Небольшого роста, широкоплечий, с давно небритой головой, Шакпак раздраженно бегал вокруг горки влажной глины, сложенной у колодца, и громко ругался.
— Что ты показываешь мне? — кричал он бородатому карлуку, спокойно восседавшему тут же на земле. — Это же грязь, а не желтая глина! Опять ты хочешь обмануть меня!..
— Она не хуже румийской краски.
— А мне нужно лучше, понимаешь? Лучше.
Рудокоп взял комочек глины, растер пальцами, понюхал, попробовал даже на вкус.
— Да съешь ты хоть целую торбу! — снова закричал Шакпак. — Тебе-то что? Проваляешься ночь, поохаешь, а утром снова полезешь в колодец. Мне ведь стены расписывать! Стены!
Гонец подождал, послушал его и, видя, что спор может тянуться еще долго, подал Шакпаку письмо. Тот быстро развернул, пробежал его глазами и засиял.
— Новый город! — сообщил он, радостно улыбаясь, рудокопу. — Самрад поручает строительство мне.
Гонец приехал с запасным конем, и Шакпак решил ехать немедля. Уже на коне он обратился к рудокопу:
— Позор тебе, если краска потускнеет раньше, чем умрем мы сами.
— Долго ждать, — возразил бородач.
— Отвезешь ко мне, — Шакпак тронул коня.
— Сколько? — Бородач поднялся и зашагал за ним.
— Десять пудов, — крикнул Шакпак, не оборачиваясь. — Деньги в нише, возьмешь, сколько положено. Трудись, брат, теперь твоя краска будет нужна Самраду… Обойдемся без румийцев!.. Понятно?
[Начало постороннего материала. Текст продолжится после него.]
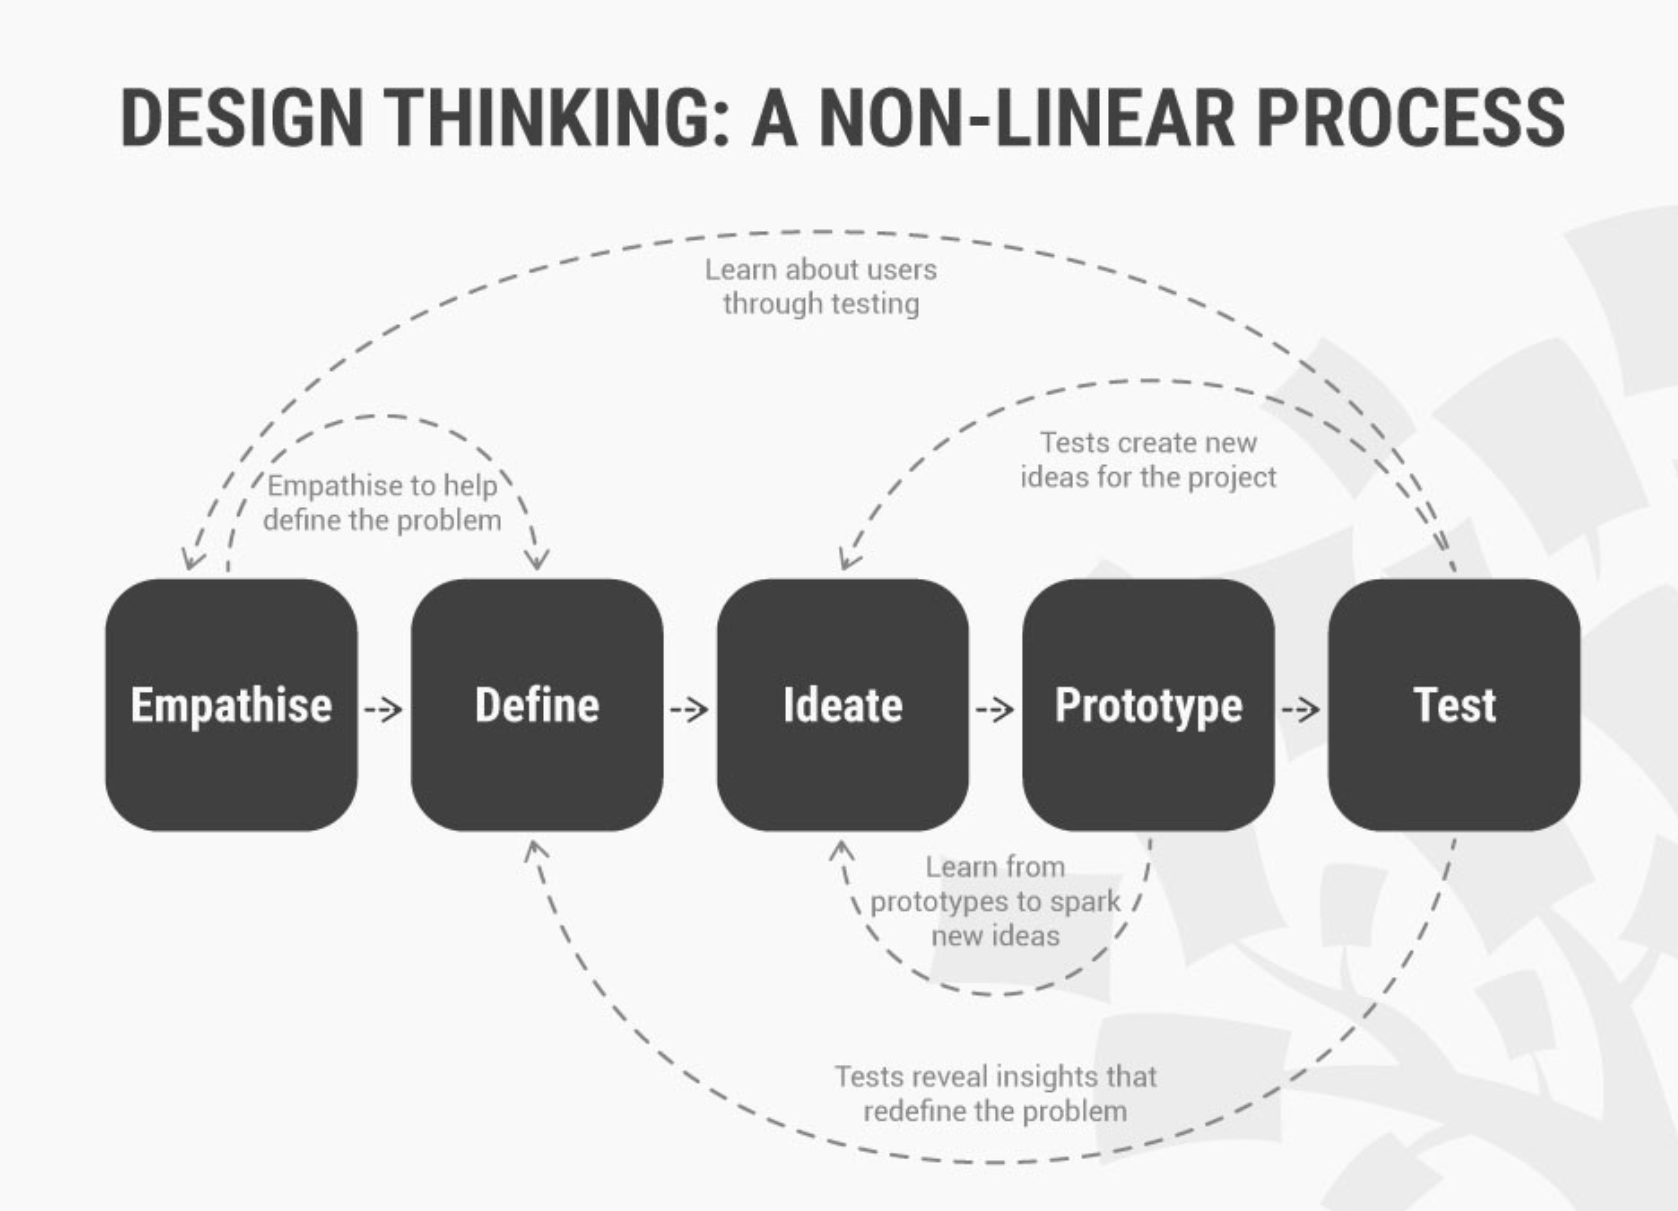 Image of the flow for Design Thinking Approach; starting from left to right are empathize, define, ideate, prototype, test

Шакпак направился прямо на побережье, не заезжая к себе. Горы он знал хорошо, исходил их вдоль и поперек, и гонец — пожилой, суровый на вид воин — без особого желания последовал за ним по узким карнизам, головокружительным спускам и подъемам. У перевала Хантокпе Шакпак встретился со своим молодым учеником, наносящим рисунки на поверхность белых скал. Гонец не понимал таинства линий и узоров, но с любопытством стал рассматривать изображения всадников, необычных, совсем не таких, как в жизни. Самый первый на рисунке скакун вытянулся в струнку так неестественно, словно бы в одной шкуре находились сразу три коня. Наездник же, наоборот, был мал, а длинные руки его тоже вытянулись вперед. Зато самый последний из группы скакунов — кургузый жеребец — был явно из тех коней, которых и вовсе не допускают на байгу. Седок с нелепо длинным туловищем сидел на нем неестественно прямо, так что создавалось впечатление, будто жеребец прыгает на месте. И все это было испещрено прямыми и ломаными линиями разной толщины.
Воин послушал беседу Шакпака и его ученика и не удержался, спросил:
— Что значат эти линии? Они так густы, что камень напоминает мне спину старого раба.
— Это мысли людей и скакунов, — ответил молодой художник, водя резцом над рисунком. — Желание одних победить, усталость других, злоба и бессилие третьих.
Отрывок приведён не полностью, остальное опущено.